Provided data ->
▼

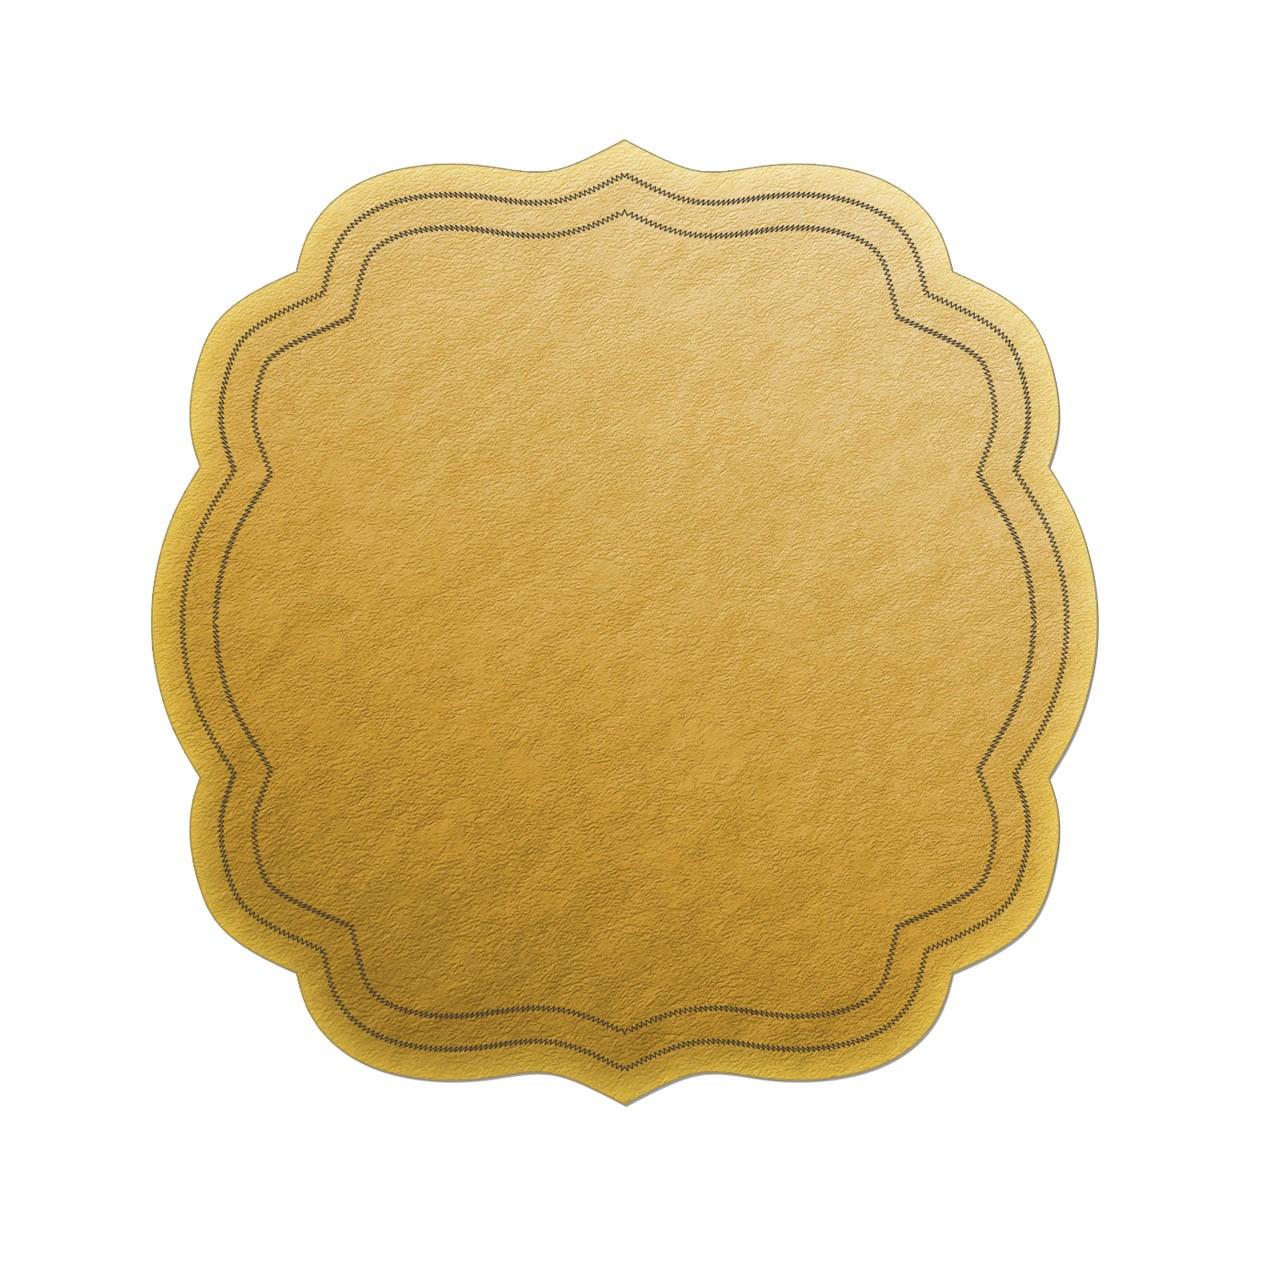 زیر بشقابی چرمی رومادون کد109 - بسته 6 عددی
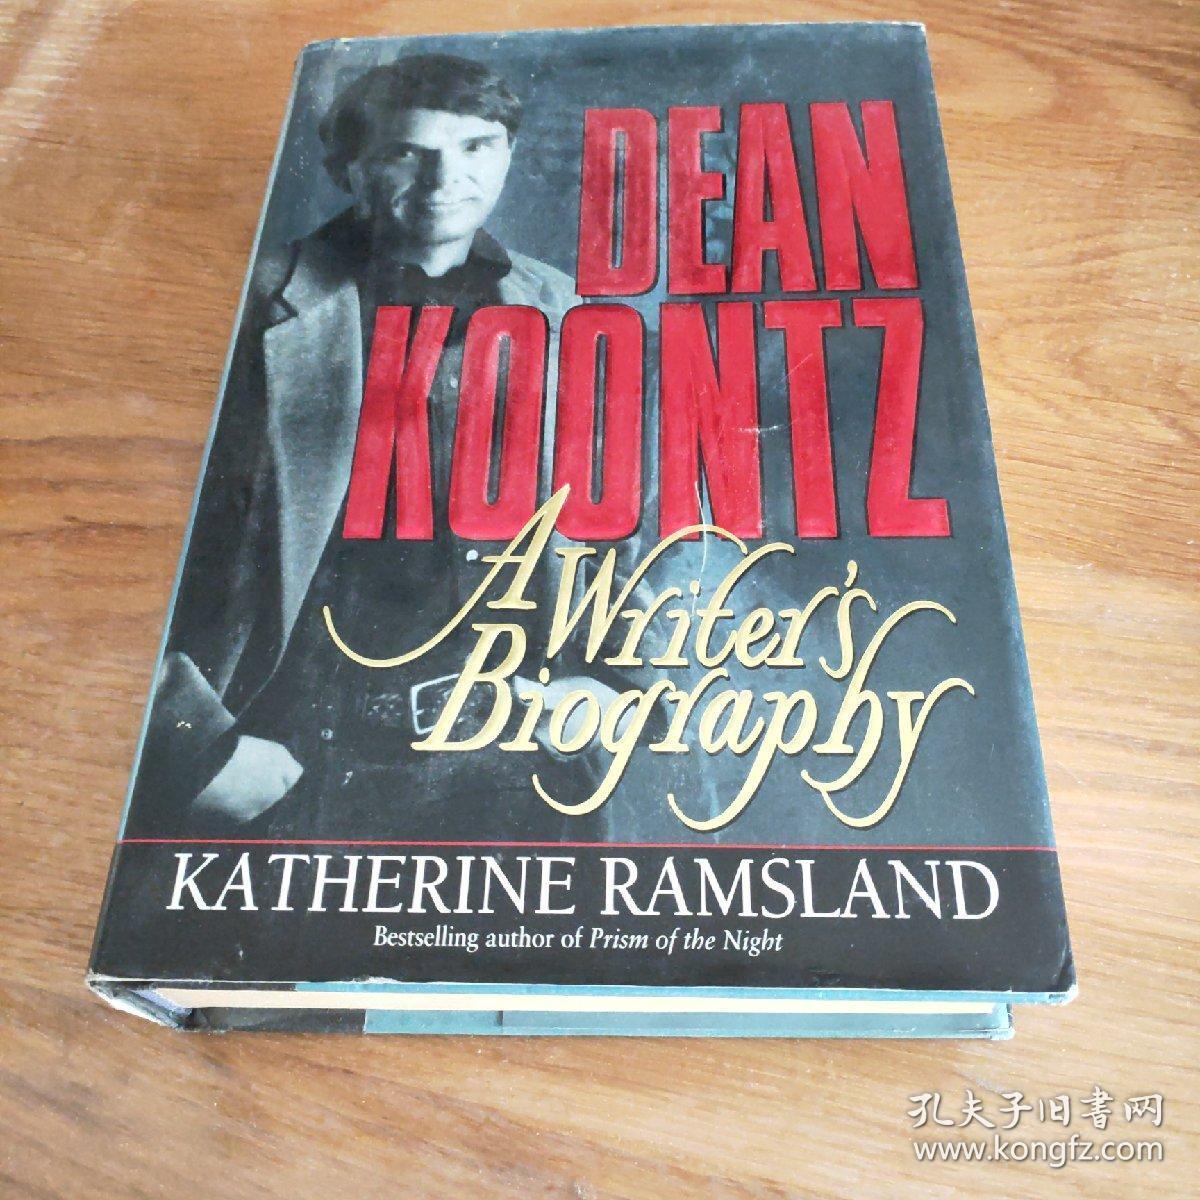 dean koontz:a writer's biography  by katherine ramsland 【英文版,书名见图】
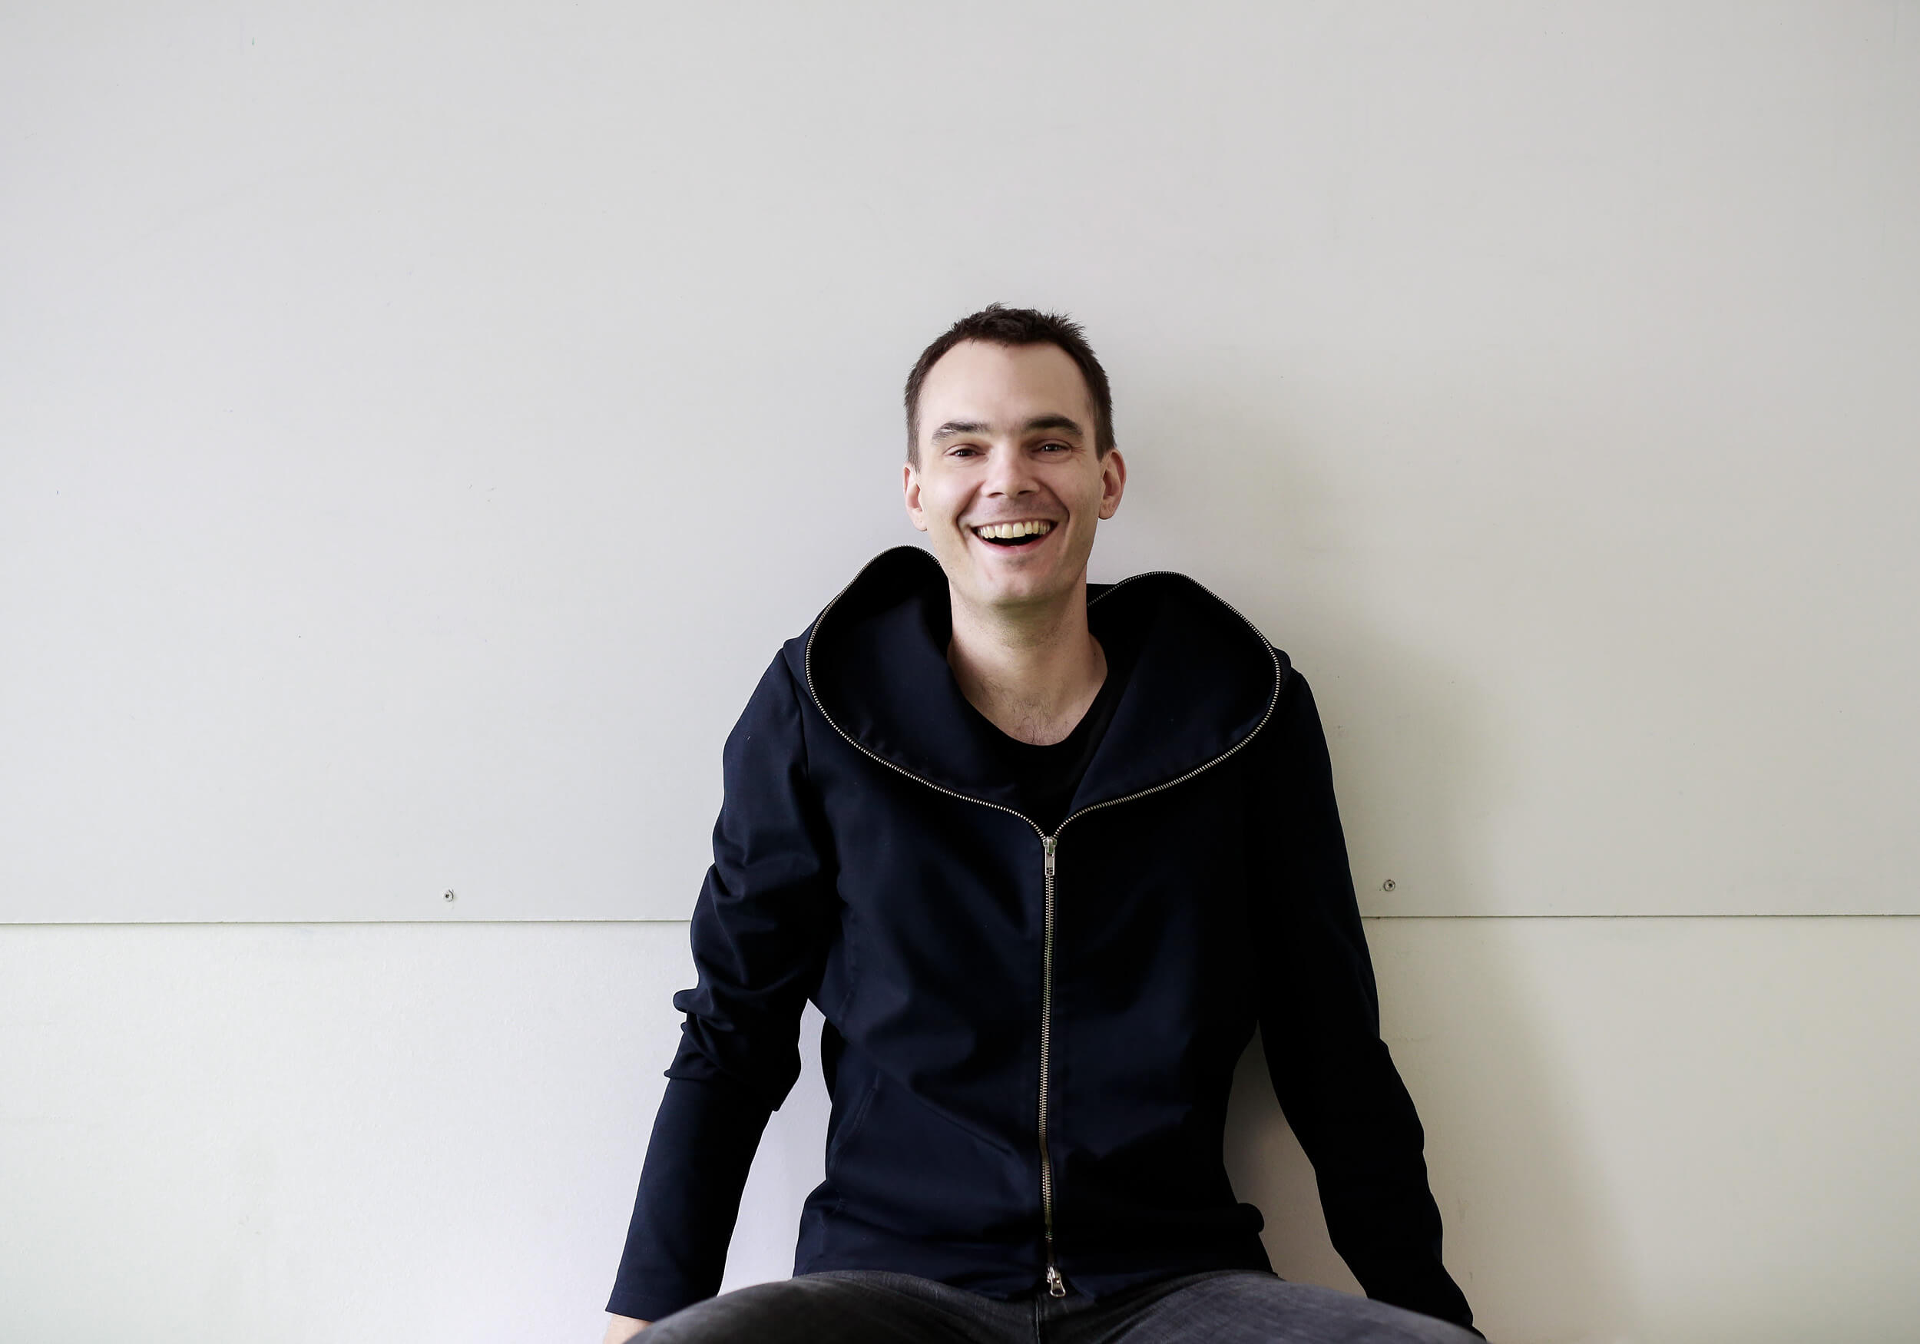 Meet the team: Florian Dorfbauer, CEO
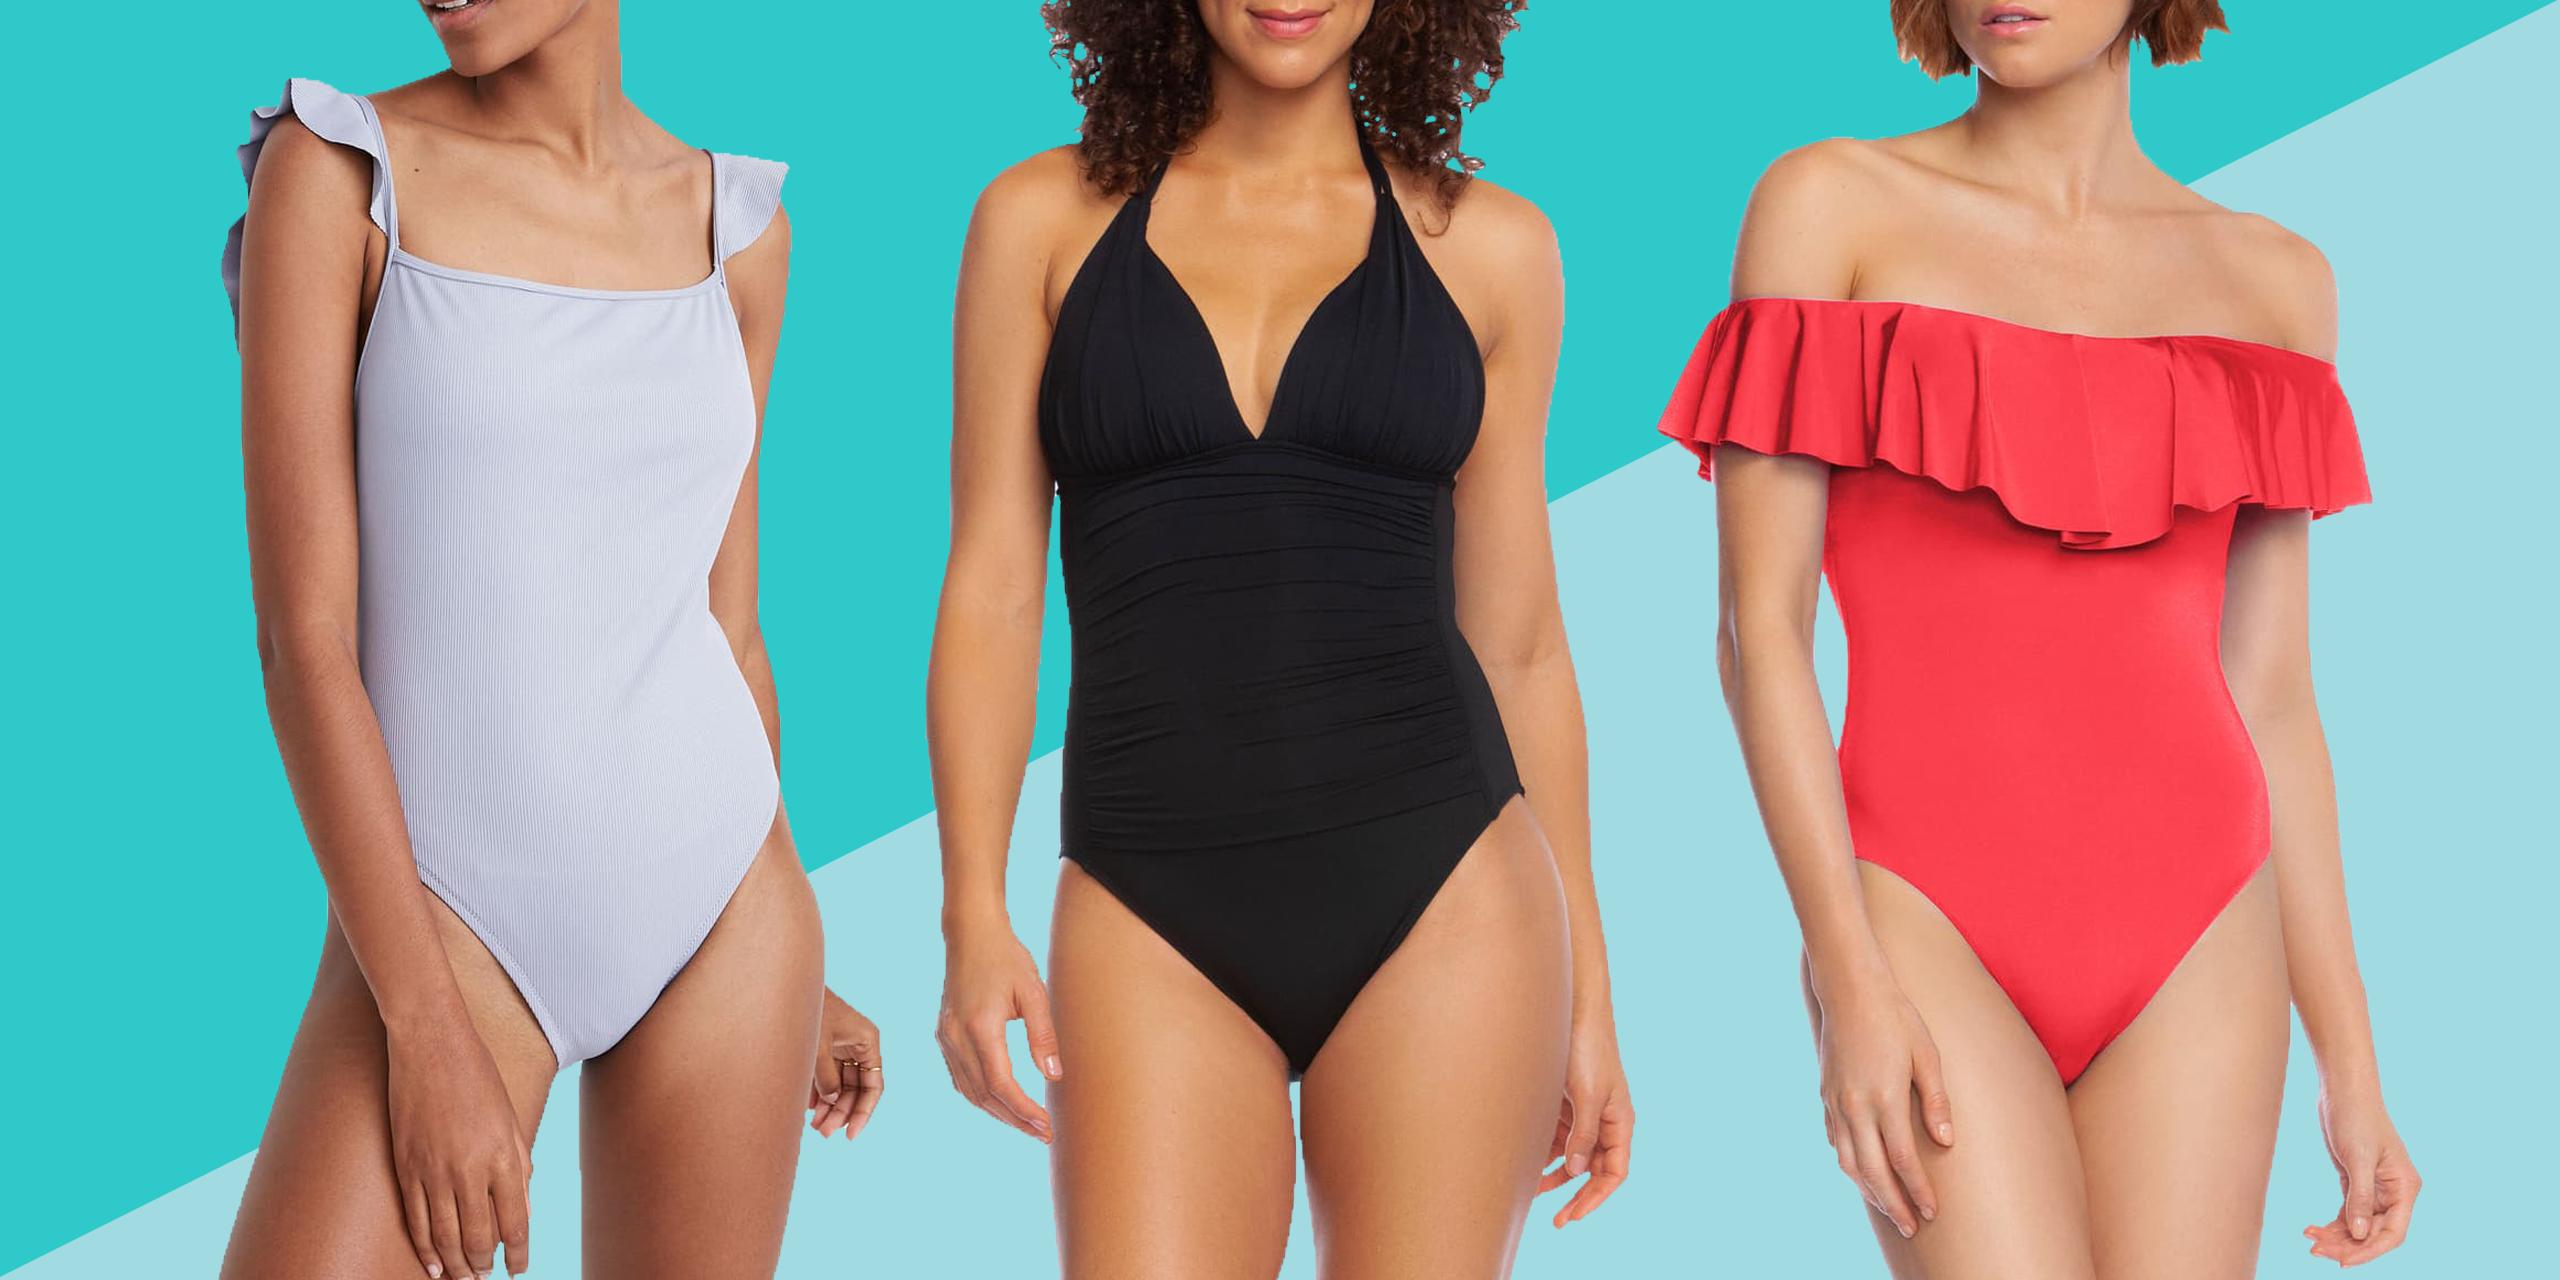 adidas swimming costume amazon

▲

What needs to be done ->
Exactly the lines from the line with "Meet the team: Florian Dorfbauer, CEO" through the last line of the listing, both included, should be extracted, and the pictures left behind.

Response to the task ->
 Meet the team: Florian Dorfbauer, CEO
 adidas swimming costume amazon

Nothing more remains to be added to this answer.